Last year, Mrs. Crowley, the headmistress at Underwood, had contracted a fever. On her deathbed, stricken by remorse, she’d made an unbelievable confession.

She’d told Mari that, three years past, a lawyer from London, Mr. Arthur Shadwell, had visited Underwood searching for a child who matched Mari’s description and circumstances.

In an act of ill will, the headmistress had informed him that Mari was dead of a fever.

The stinging betrayal of it was still raw and fresh in Mari’s mind.

If someone had been searching for her, it could mean she had a family, that she wasn’t completely alone in life.

It could mean that the stories she’d made up in her mind about a reunion with her mother might prove to be true.

The prayer book and the wooden rabbit had been bundled in her swaddling cloth when she arrived at the orphanage.
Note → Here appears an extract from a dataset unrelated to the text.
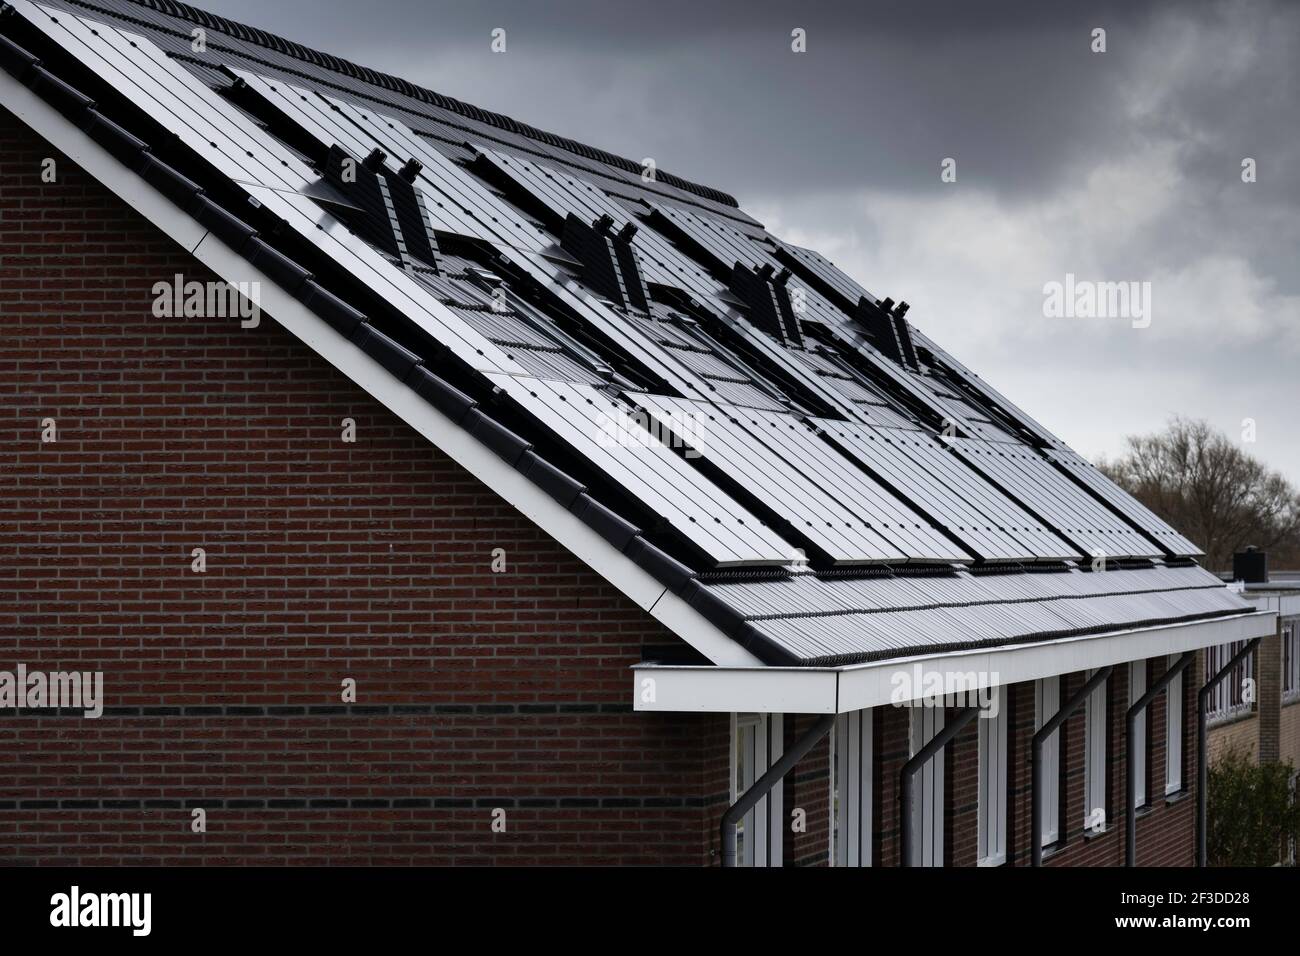 Solar panels mounted on the roof of modern new-build homes in Lemmer, Friesland, The Netherlands on a heavily overcast day. Is there enough sunlight? Stock Photo

It wasn’t until after Mrs. Crowley made her confession that Mari had realized they might hold some key to her past.

She opened the prayer book and read the inscription as she had a million times before: “Ann Murray, 1808.”

Who are you, Ann Murray?

Who am I?

There were sure to be a great many Ann Murrays living in London. But how many lawyers named Arthur Shadwell could there be? She would consult a business directory and find him on her very first off day.